Chicago White Sox starter Michael Kopech pitches against the Minnesota Twins during the first inning of the baseball game during his Major League debut on Aug. 21, 2018, in Chicago.

AP file photo

Two former Chicago White Sox ticket sellers pleaded guilty in federal court Tuesday to their roles in a scheme with a ticket broker to fraudulently sell thousands of tickets to the South Siders’ baseball games, costing the team about $1 million.

James Costello, 67, and William O’Neil, 51, each admitted their crimes during hearings held by videoconference due to the coronavirus pandemic. Costello pleaded guilty to wire fraud, and O’Neil admitted he lied to the FBI.

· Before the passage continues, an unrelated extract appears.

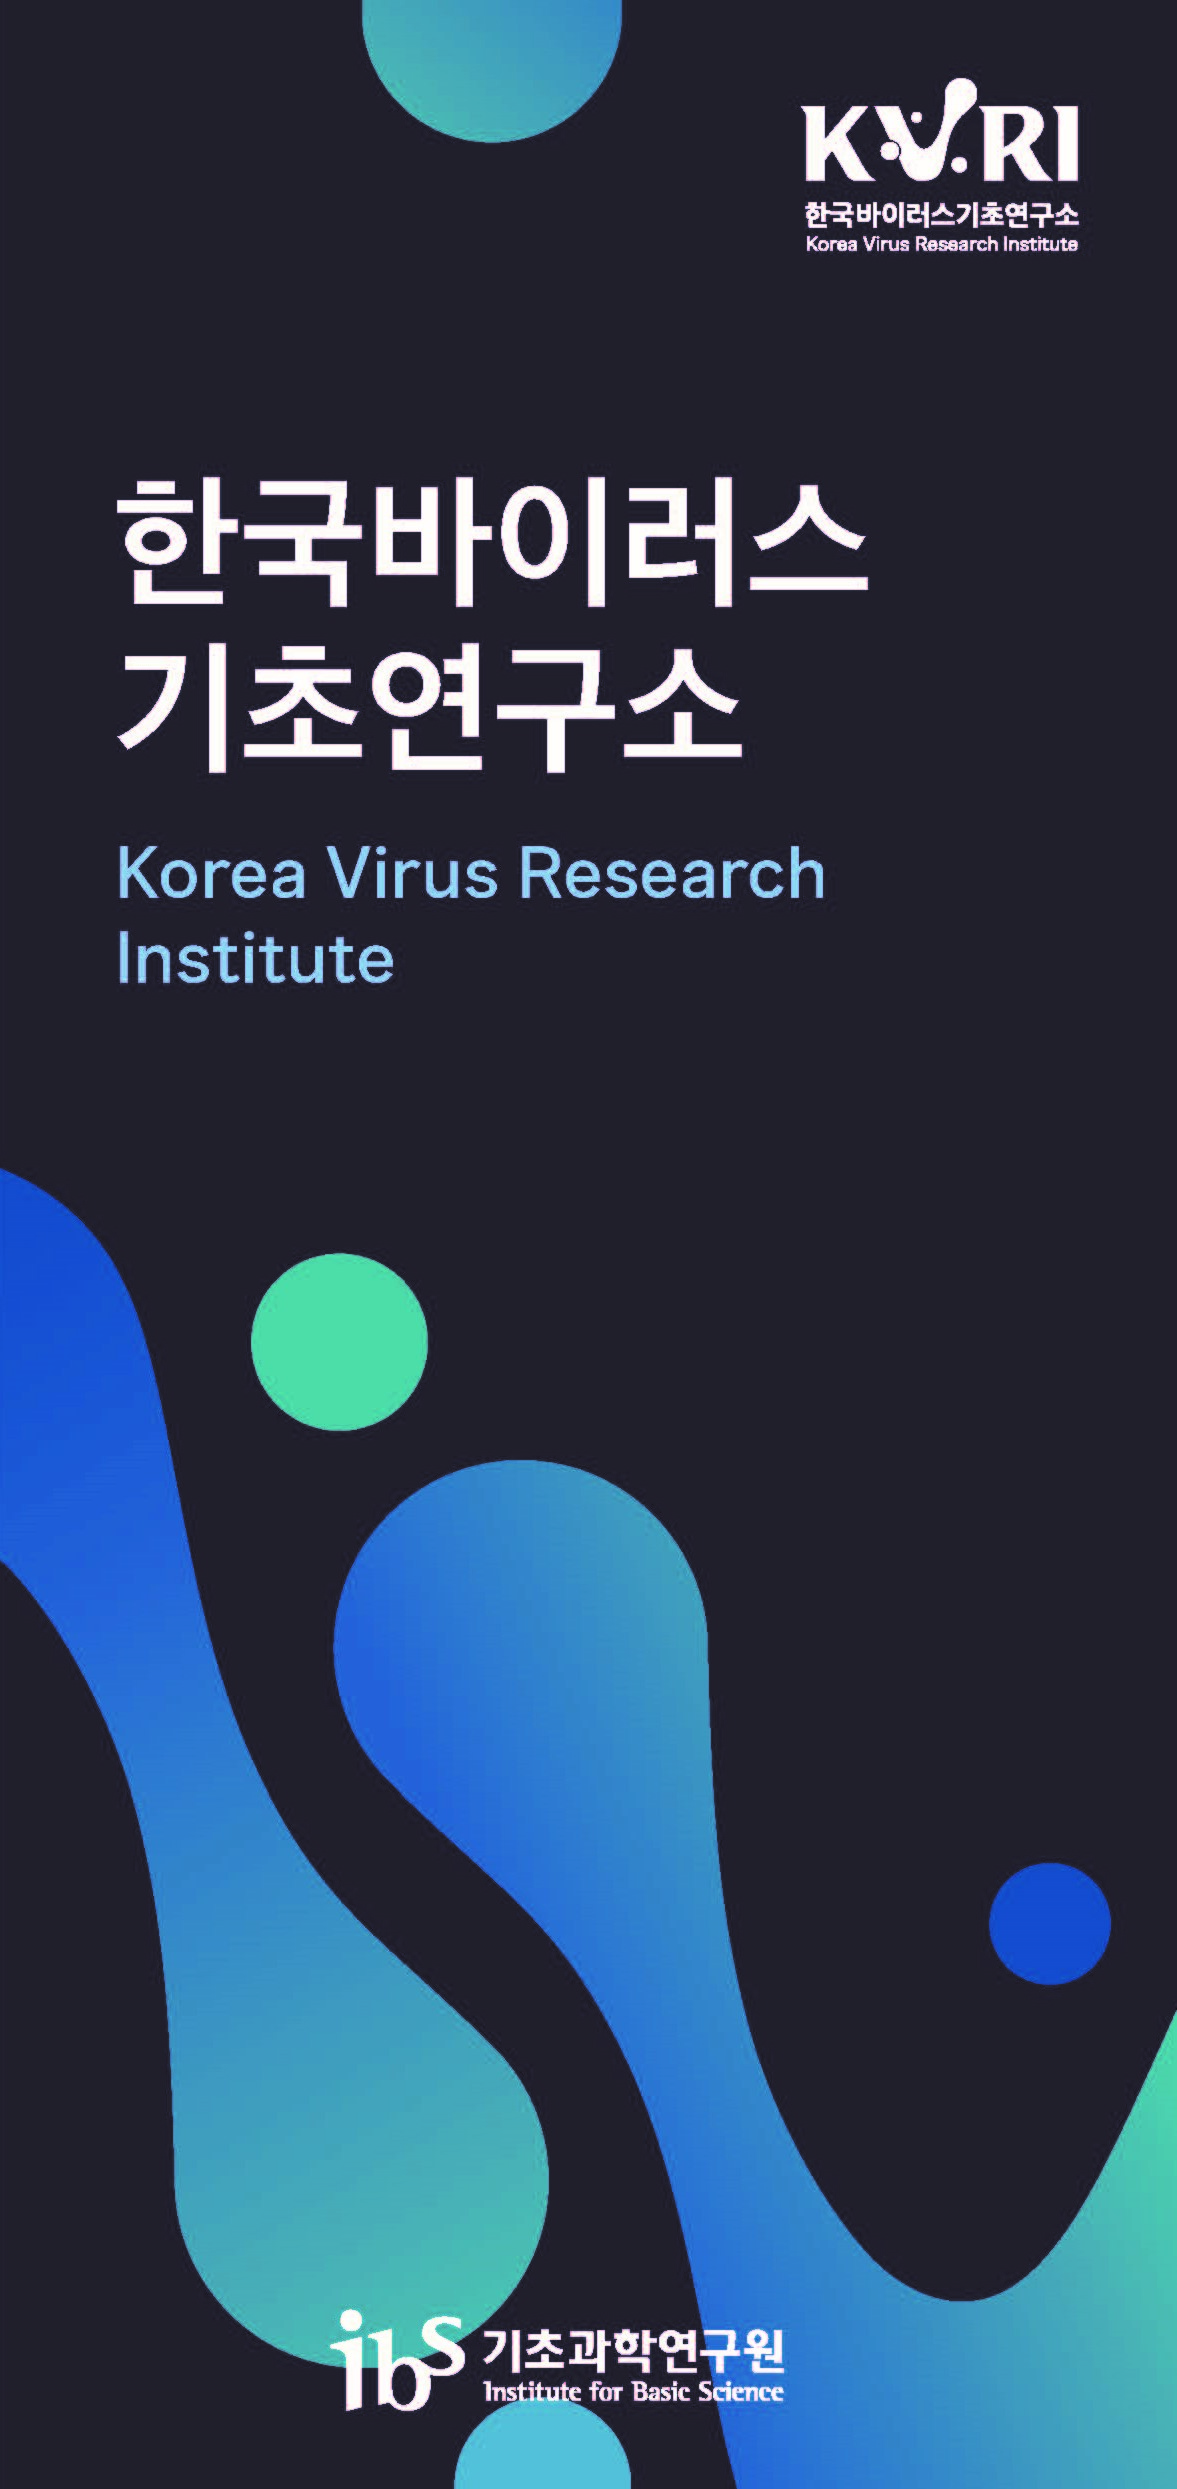 KOREA VIRUS RESEARCH INSTITUTE Leaflet(Kor ver.) 사진

A third defendant in the case, prolific ticket broker Bruce Lee, still faces 11 counts of wire fraud and two counts of money laundering. His trial has been set for Jan. 25. The plea agreements for Costello and O’Neil anticipate the men will cooperate with prosecutors and that their sentencing hearings will be delayed until their cooperation is complete.

A 20-page indictment that became public in January alleged that Lee made $868,369 by fraudulently selling 34,876 tickets during the 2016 through 2019 baseball seasons.

The indictment said Costello and O’Neil generated thousands of complimentary and discount tickets — without required vouchers — and gave them to Lee in exchange for cash. During Tuesday’s hearing, Assistant U.S. Attorney Matthew Schneider said Costello collected more than $100,000 from Lee.

Costello used other employees’ ID codes to avoid detection as he accessed White Sox Ticketmaster computers. He eventually recruited O’Neil to help with the scheme.

Schneider said O’Neil lied to FBI agents investigating the scam in March 2019, telling them he’d never given tickets to Lee without the knowledge and consent of the White Sox.

Lee allegedly sold 6,323 of the tickets during the 2016 baseball season, 17,408 during the 2017 season, 11,115 during the 2018 season and 30 in the run-up to the 2019 season. He sold the tickets exclusively on StubHub, below face value, because he thought that would conceal the source of the tickets, according to the indictment.

However, court records that became public last October show a White Sox senior vice president approached the FBI in October 2018 to report Lee. The Sox’s data analytics team had flagged him as a StubHub seller who had “sold more White Sox tickets than anyone else by a substantial margin.”

They also determined that more than 96 percent of his ticket sales involved complimentary vouchers, which go to friends and family of the players, youth groups, commercial sponsors and others — and are not meant for sale.

Pointing to the 11,000 tickets Lee allegedly sold during the 2018 season, the agent noted that the next most successful three sellers on StubHub sold just 129, 113 and 108 tickets, respectively.

The White Sox analytics team also “advised that it appears the White Sox employee or employees” were working with Lee.

For example, an affidavit said Lee sold 500 tickets to the Major League Baseball debut of rookie pitcher Michael Kopech in August 2018. The White Sox senior vice president thought such ticket sales “could not have happened without a White Sox employee providing inside assistance.”